WASHINGTON — The Justice Department and Norfolk Southern have reached a settlement in principle regarding the railroad’s handling of Amtrak’s Crescent.

Government lawyers disclosed the agreement in a court filing last week, which requested additional time to finalize the settlement. U.S. District Court Judge Amy Berman Jackson approved the parties’ request for a 60-day extension.

The Justice Department hauled NS to federal court a year ago, contending that NS regularly failed to give the Crescent preference over freight trains as required by law, leading to delays that harm and inconvenience passengers, impede passenger rail transportation, and negatively affect Amtrak’s financial performance. [see “Justice Department sues …,” Trains News Wire, July 30, 2024]

The case was the first right of preference suit filed against a host railroad since 1979, when operational problems on Southern Pacific led to frequent delays to Amtrak’s Sunset Limited. Amtrak trains were granted the right of preference in 1973.

When asking for a dismissal of the case in January, NS argued that the government was taking an “extreme” interpretation of passenger train right of preference.

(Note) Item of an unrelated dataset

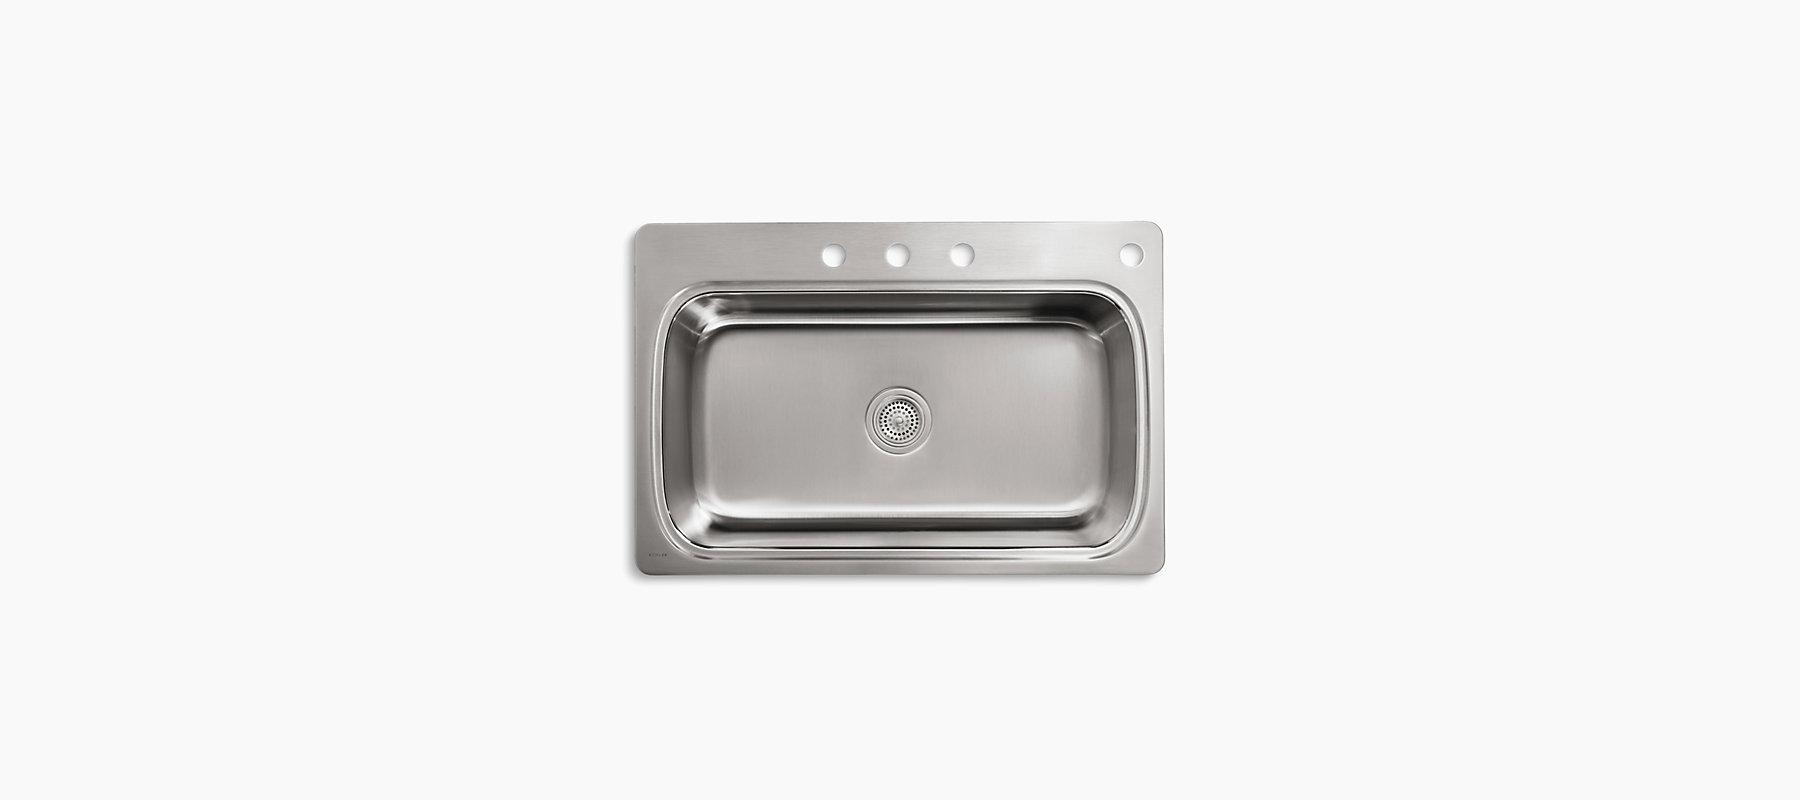 K-3373-4 | Verse Top-Mount Kitchen Sink, Four Faucet Holes | KOHLER

NS said the Justice Department “complaint depends on the idea that freight railroads must totally clear their tracks for approaching Amtrak trains, the same way D.C.-area commuters must clear the road for the President’s motorcade—even if the result is a massive traffic jam.

“But ‘preference’ for passenger trains has never worked that way. Not in the decades before Congress codified it, and not in the half-century since,” NS argued.

The New York-New Orleans Crescent operates on NS-owned or managed track between Alexandria, Va., and New Orleans.

In 2023, 57% of Crescent passengers arrived on time, which was well below the 80% threshold required under federal standards.

But Crescent passengers had plenty of company: Six long-distance trains – the Silver Meteor (CSX), Empire Builder (BNSF, CPKC), Silver Star (CSX, NS), Sunset Limited (BNSF, UP), Southwest Chief (BNSF), and California Zephyr (BNSF, UP) – had worse on-time performance in 2023, according to Amtrak data. And all 15 of Amtrak’s long-distance trains that operate on the Class I railroads failed to meet federal on-time performance standards in 2023.

The Justice Department on Aug. 2, 2024 acknowledged a Trains freedom of information request for documents that might shed light on why it singled out Norfolk Southern. But it has yet to produce any documents, including a copy of a letter that Amtrak sent to the attorney general seeking enforcement action. At the time, Amtrak declined to provide a copy of the letter and referred questions to the Justice Department.

3 thoughts on “Justice Department and Norfolk Southern near settlement deal in Amtrak Crescent case

  1. Let’s recall that in all, NS controls 1,140 of the Crescent’s 1,377 route-miles.

    Dr. Güntürk Üstün

  2. As has been mentioned here before, the problems Amtrak is having with on time performance have gotten a lot worse since the implementation of PSR. Unless railroads go back to running shorter, faster trains or extend more sidings I really don’t see how it can possibly get better.

    1. You can add “It will never get better” to the eternal certainty of death and taxes.